»»

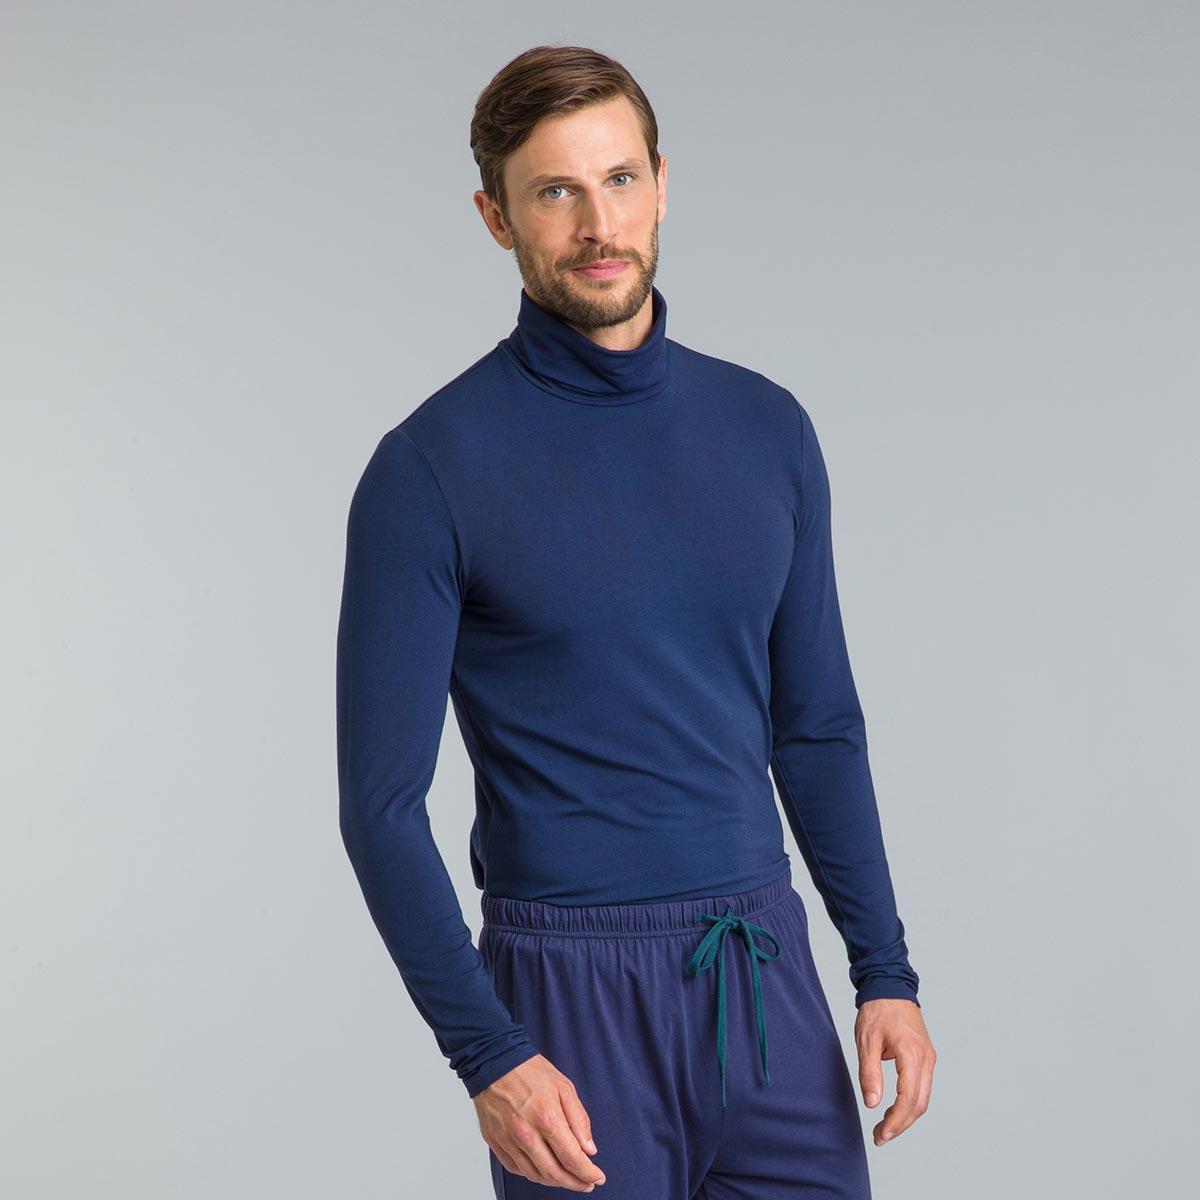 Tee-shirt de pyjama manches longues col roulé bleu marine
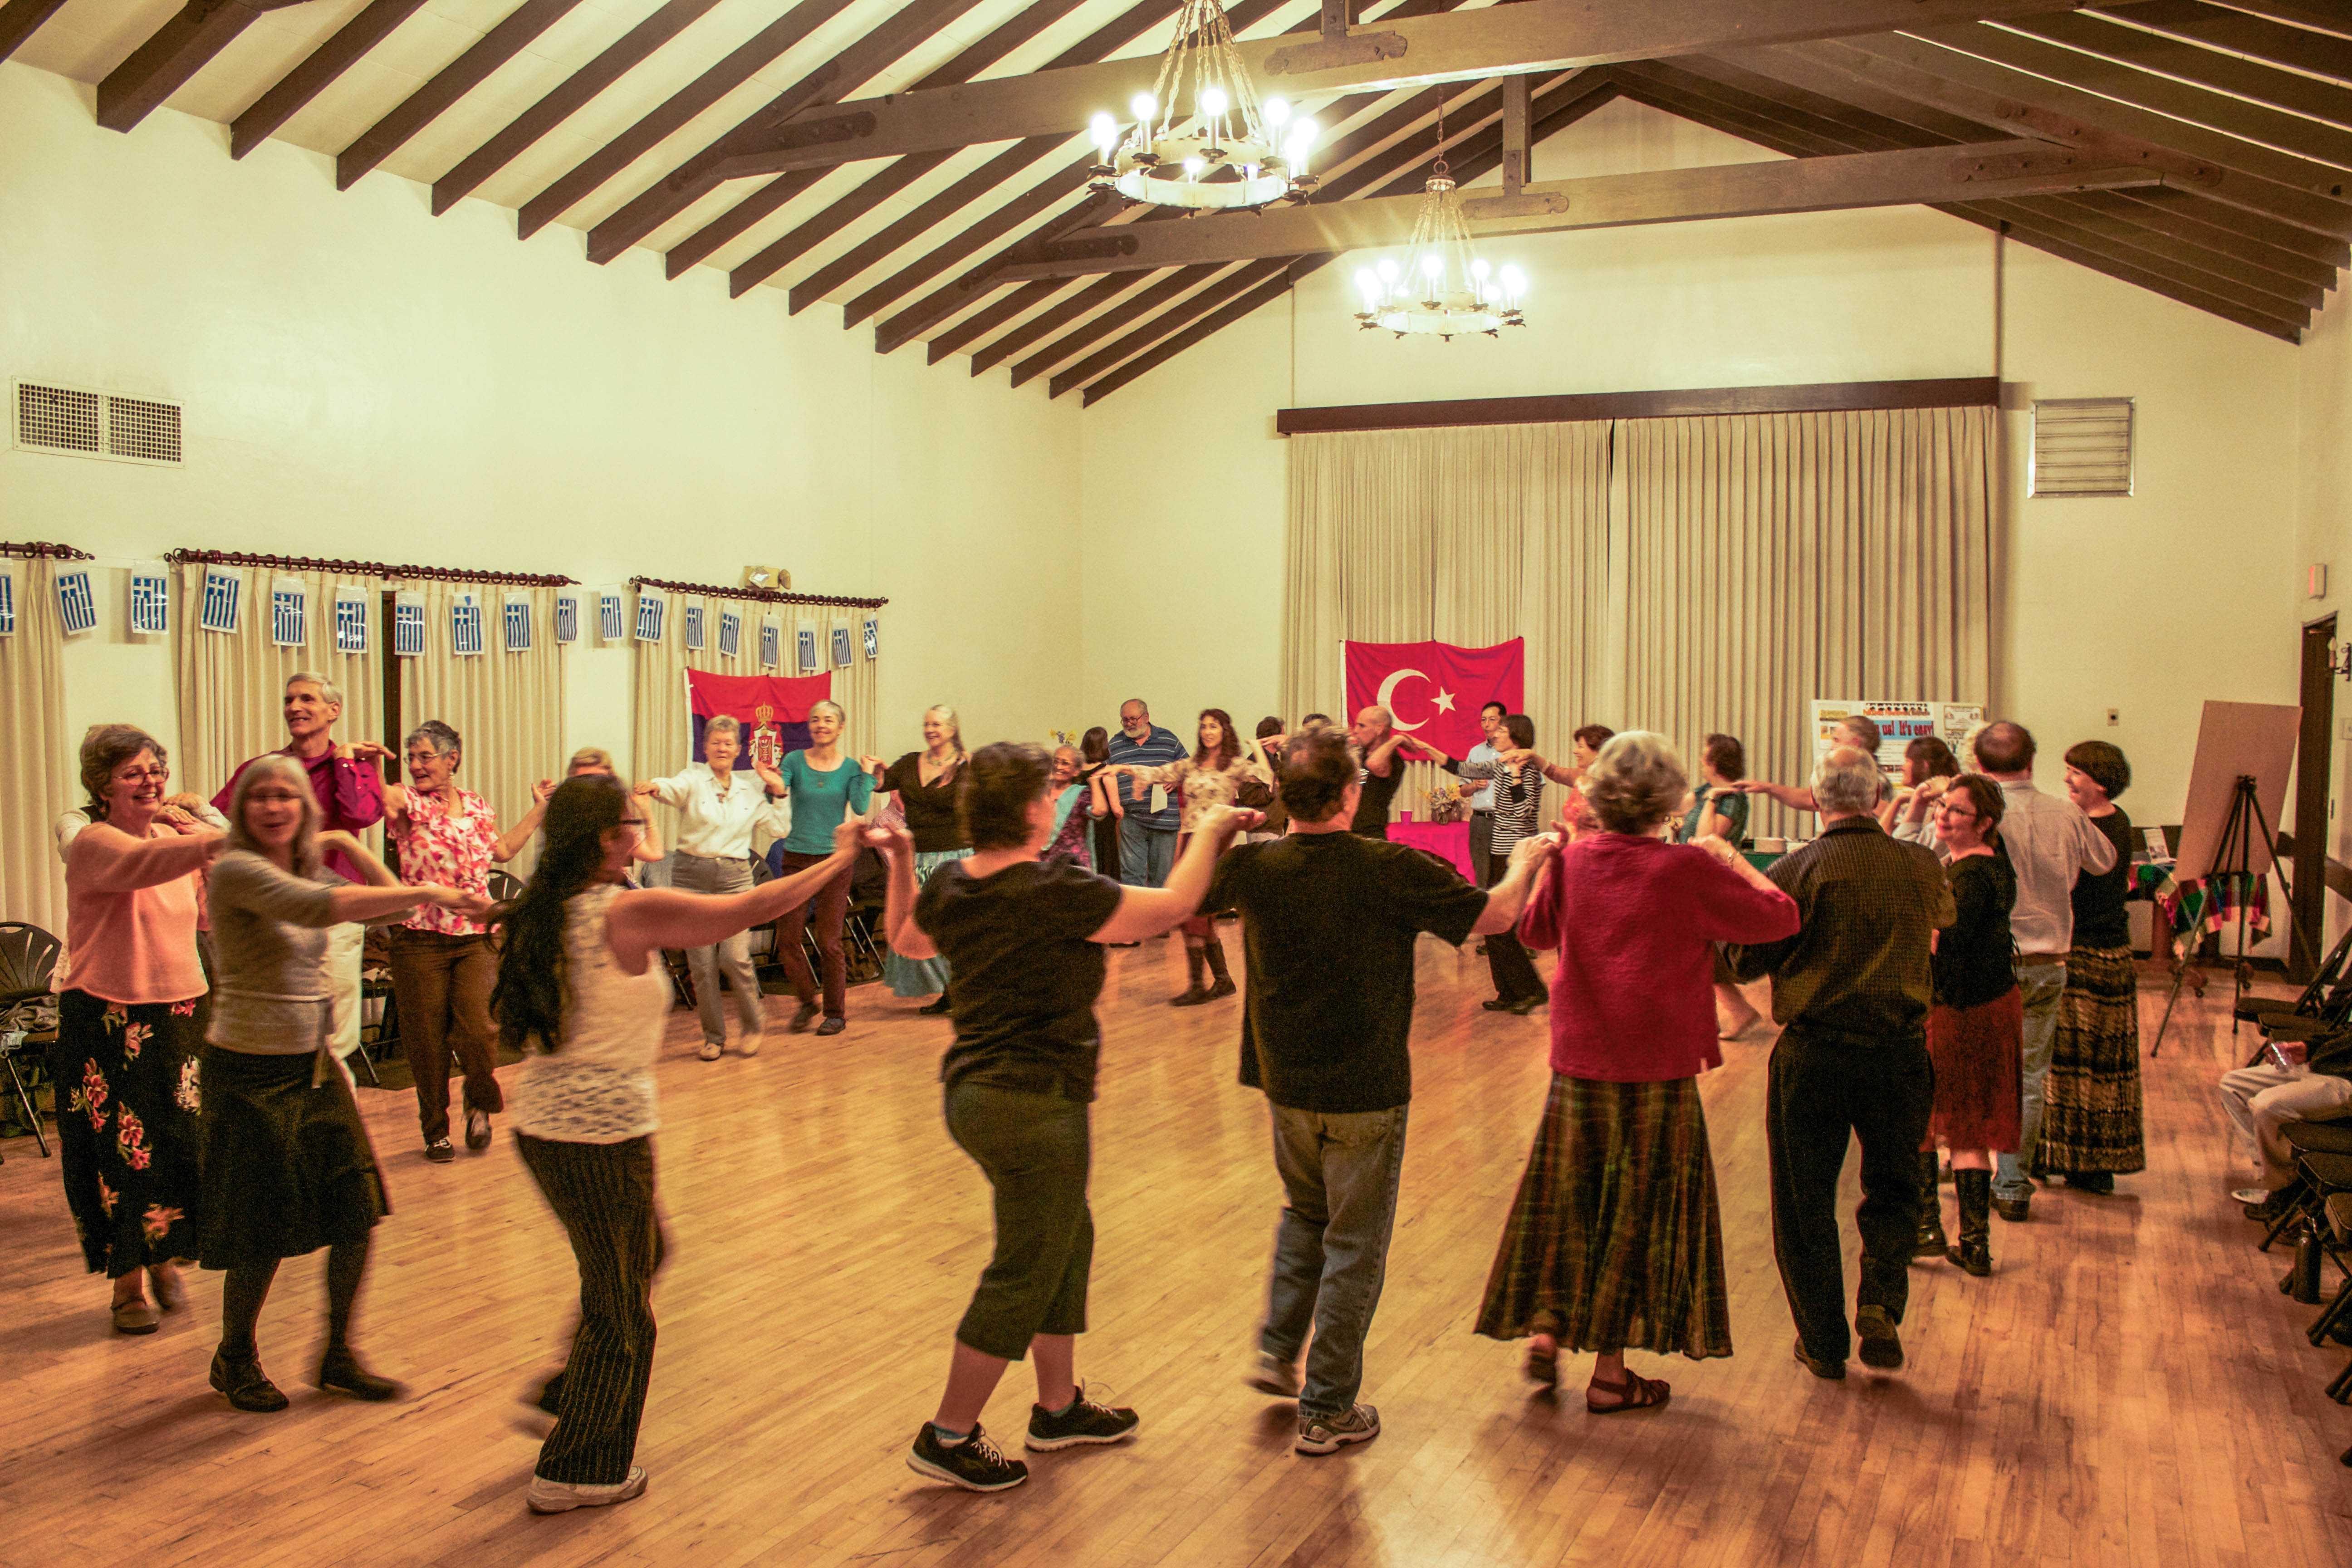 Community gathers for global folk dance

««
»»

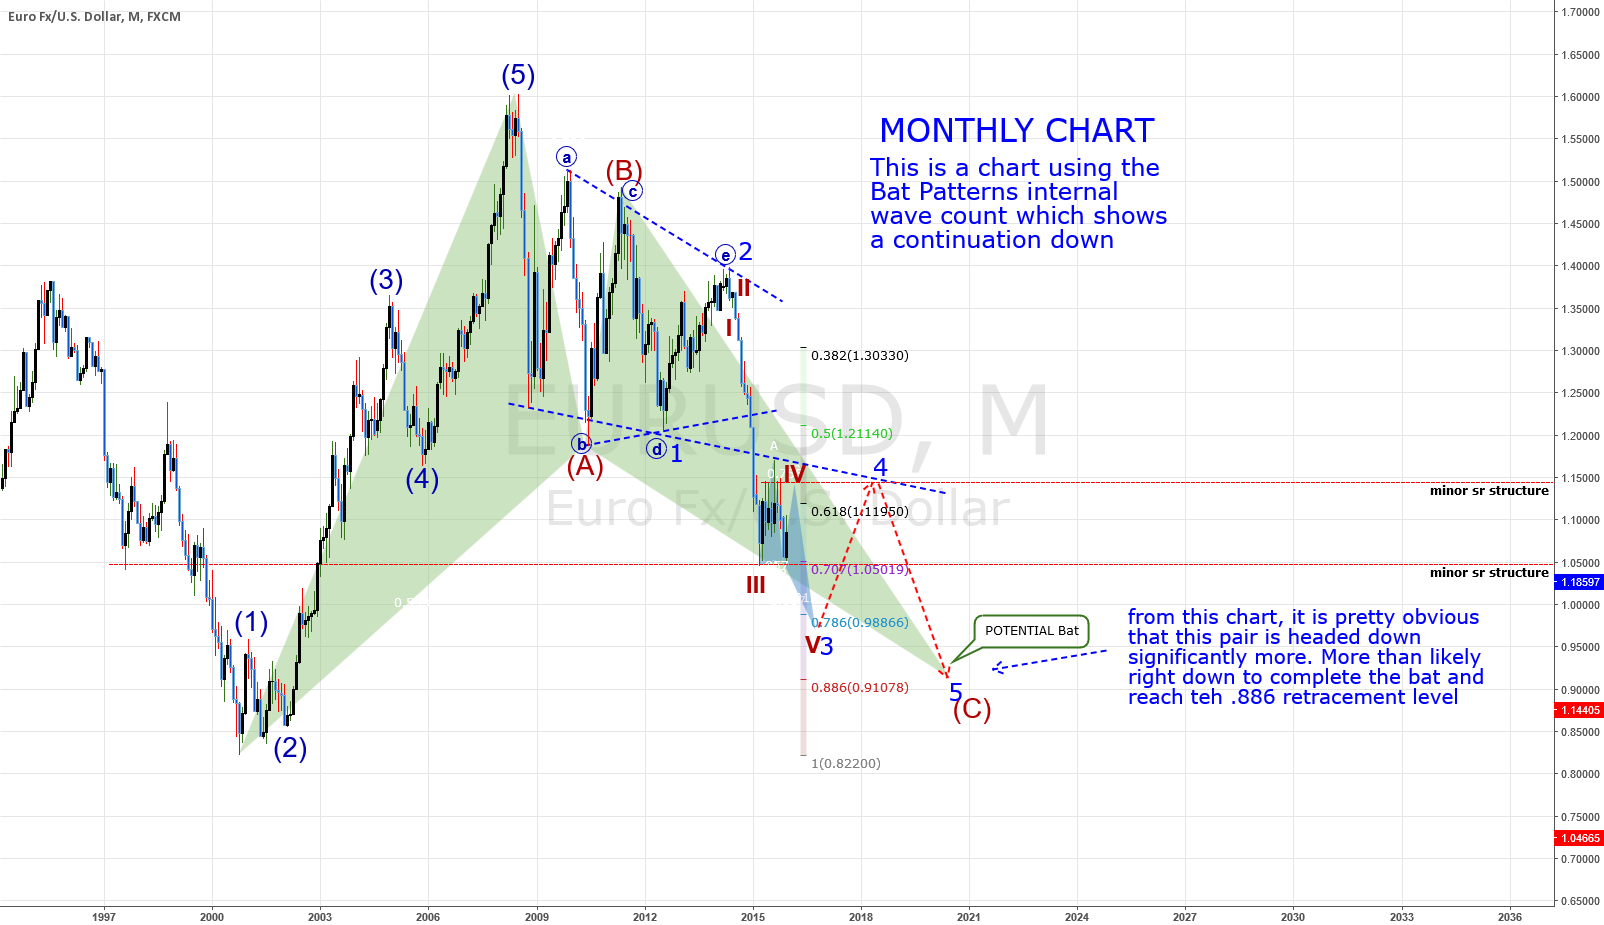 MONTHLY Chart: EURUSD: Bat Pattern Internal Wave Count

««
»»

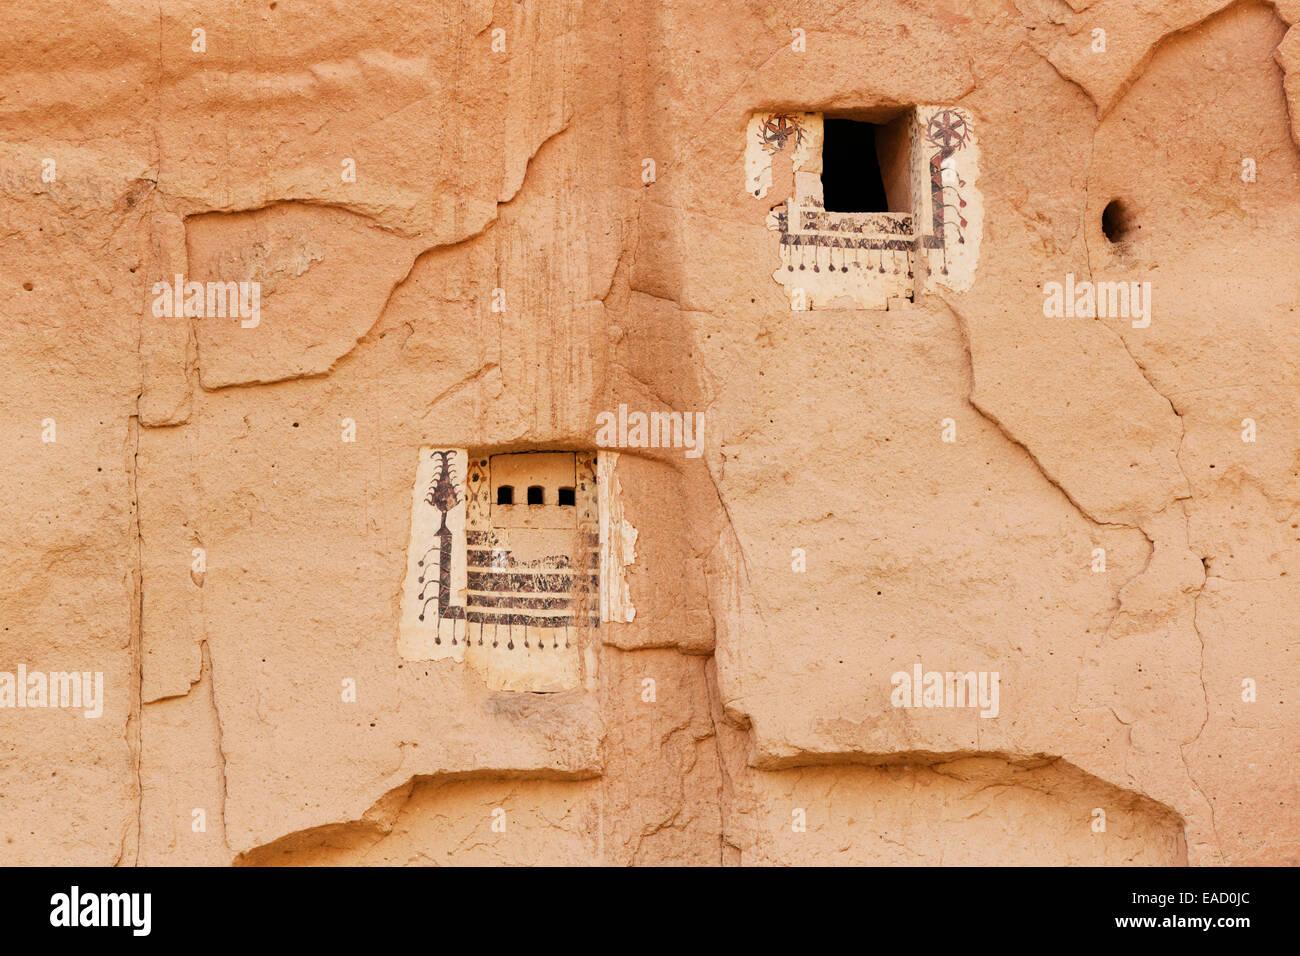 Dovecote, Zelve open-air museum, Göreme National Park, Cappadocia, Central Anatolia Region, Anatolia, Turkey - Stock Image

««

▸ **What to do**
Write out again exactly the lines above from the one with "Tee-shirt de pyjama" through the one with "Community gathers for global folk dance", adding no other lines and no pictures.

▸ **Response box**
 Tee-shirt de pyjama manches longues col roulé bleu marine
 Community gathers for global folk dance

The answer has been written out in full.